Create a Board Game with Math (another great use of Foam Core and worth the investment)
Math & Building* Order or pick up foam core, hot glue gun and an exacto knife. These will come in handy for many future projects, so definitely worth the $25 investment!
Ask your child to build their dream home.
Now… use a ruler to make things to scale. They will have to measure your toilet for instance and then cut out a toilet that is to scale. For instance 1/4” equals 1 foot.
If you have Legos around this can become a great long term project.
Math & Scale
Ask your child to research what animals they love.
Use painters tape measure out how big these animals can get. For instance below, you might be surprised that the largest rabbit on earth has 2 foot ears!
MATH & MUSIC:
Put on a song loud.
Ask them to clap to the beat. Then tap a pencil to the beat. Then stomp a foot to the beat.
All this is hard, but illustrates how important counting is!
Use what is on your property to do math. Here is an example of using pavers. Add a number to each paver and ask them to add the entire row of pavers (this one was 22 pavers long and the end number was 158). This is very consuming for children as they very much want to get to the end!*
You can use these pavers for skip counting: by 2s, 3s and 5s.
Use money whenever possible for challenges. Ask them to fill the basket with $3.46 or 127 pennies or $8.00 worth of quarters.*
Lego can become more enriched learning. Ask them to count each piece of Lego in each bag… then divide it by 2 (or 4 or 7). See if the total number of Lego ends up matching the number on the box. Ask them to write a story about their finished Lego product and illustrate it. You can even send it off to the President of Lego.*
Money (see image)
For Little and Big Ones
Counting: Spend a whole day on counting.
Make them a special counting book.
Tell them the story of why things are counted: it all started when we moved from being hunters and gatherers to being agricultural humans.
Ask them to count things in your home, but they have to count them twice!
Even for big kids this will illustrate the importance of groups, sets and getting things right!

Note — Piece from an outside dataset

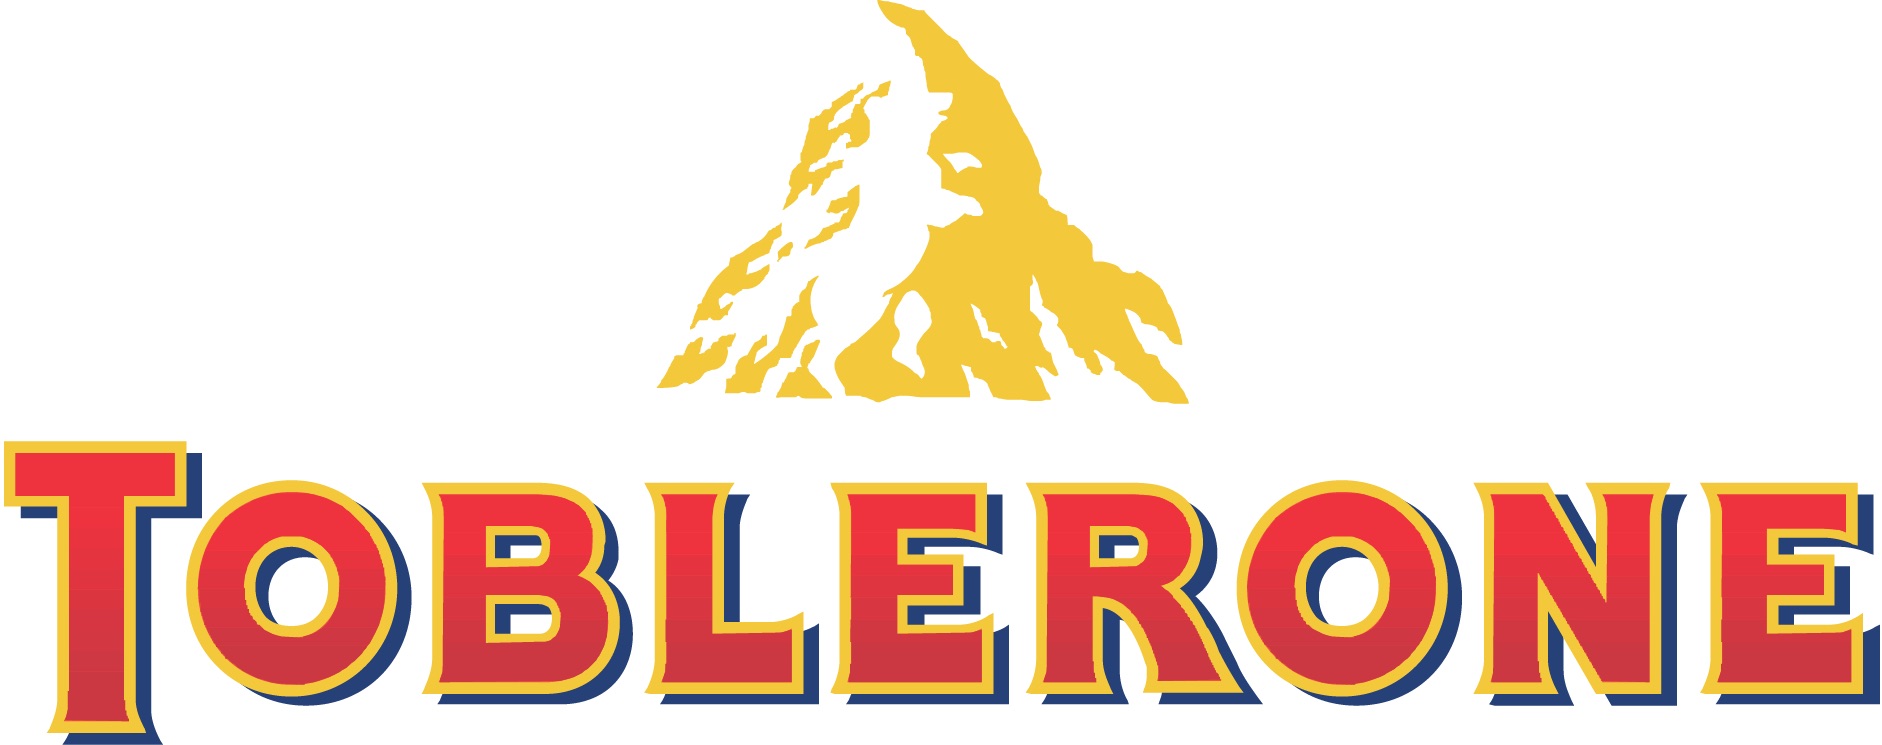 El logo de Toblerone muestra el monte Cervino, uno de los picos más altos de los Alpes suizos, pero éste oculta algo más representativo.

Go for a walk together. How far away is 100 steps? 1000 steps? How many feet make a meter? How far away are things like your mailbox, your street, your house or your driveway? Make signs showing these distances. Can you also measure them or covert them into centimeters or fractions of miles?*
Put a new box of sorting objects out every day (for Littles). Fill it with things they can match and categorize: buttons, cloth strips, bolts, crayons, etc. They will be very excited to “find” this box every morning.